Smith v. Wilson

Decision Date21 February 1927
Docket NumberNo. 648,648
Citation273 U.S. 388,71 L.Ed. 699,47 S.Ct. 385
PartiesSMITH et al. v. WILSON et al
CourtU.S. Supreme Court

Messrs. A. D. Lipscomb, of Beaumont, Tex., and Frederick S. Tyler, of Washington, D. C., for appellants.

Mr. A. R. Rucks, of Angleton, Tex., for appellees.

Mr. Justice STONE delivered the opinion of the Court.

Appellants, some of whom are citizens of Texas, filed their bill in the District Court for Southern Texas against appellees, the county commissioners of Brazoria county, certain tax officials of that country, and the commissioners of the Brazos River harbor navigation district and others, all citizens of Texas. The relief prayed was a preliminary and final injunction restraining appellees from levying assessments on appellants' land and from issuing or selling bonds pursuant to a plan authorized by the Act of February 19, 1925, c. 5, General Laws of Texas, § 7, creating a taxing district to raise funds to defray the cost of a proposed improvement of navigation at the mouth of the Brazos river.

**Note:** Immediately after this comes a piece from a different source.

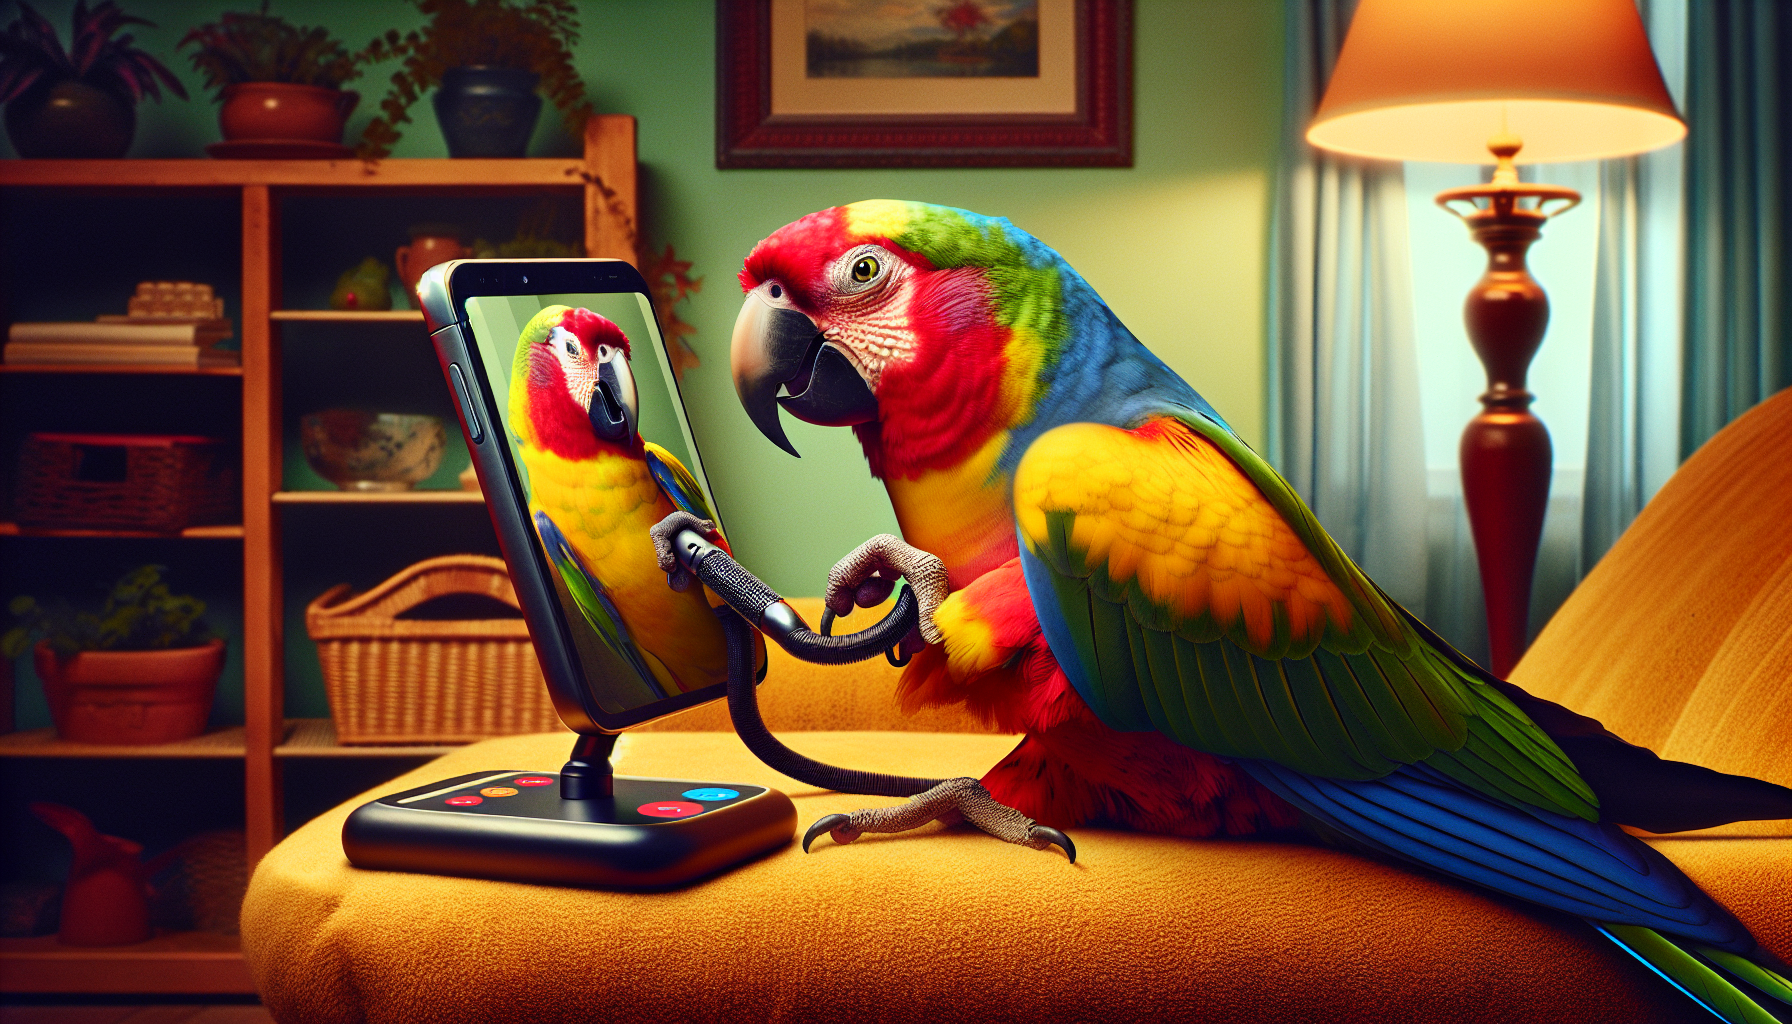 It seems that captive parrots take pleasure in video chatting with their friends via Messenger.

The jurisdiction of the district court was based solely upon allegations in the bill that the Texas statutes and the proceedings had under them for the formation of the Brazos River harbor navigation district violated the due process and equal protection clauses of the Fourteenth Amendment to the federal Constitution.

No application was made for a preliminary injunction. Testimony was taken before a special master and final hearing had before three judges on the assumption that a trial by three judges was required by section 266 of the Judicial Code, as amended by the Act of February 13, 1925, § 1 (Comp. St. § 1243). From the judgment of the district court, dismissing the bill on the merits, (13 F.(2d) 1007), the case has been brought here by direct appeal under sections 238 and 266 of the Judicial Code as amended (Comp. St. 1215, 1243), which permit an appeal from a final decree in an injunction suit of this kind in which the final hearing must be had before three judges, as provided in that section. The jurisdiction of this court turns on whether or not section 266, as amended, required the hearing below to be before three judges.

Section 266 before the amendment of February 13, 1925, required, as it still does, all applications for an interlocutory injunction testraining state officers from enforcing state statutes or orders of administrative boards or com- missions, upon the ground of unconstitutionality, to be heard by a court of three judges. But as the section then stood, the final hearing might be had before a single district judge who might arrive at a different conclusion from that reached on the preliminary hearing by the three judges, one of whom was a justice of the Supreme Court or a circuit judge. Compare Patterson v. Mobile Gas Co., 271 U. S. 131, 46 S. Ct. 445, 70 L. Ed. 870, and Lemke v. Farmers' Grain Co., 258 U. S. 50, 42 S. Ct. 244, 66 L. Ed. 458. To remove this anomaly and save the right of direct appeal to this court from the operation of the repealing provisions of the Act of February 13, 1925, section 266 was amended by the addition of the following provisions:

'The requirement respecting the presence of three judges shall also apply to the final hearing in such suit in the district court; and a direct appeal to the Supreme Court may be taken from a final decree granting or denying a permanent injunction in such suit.'

See Ex parte Buder, 271 U. S. 461, 465, 46 S. Ct. 577, 70 L. Ed. 1036.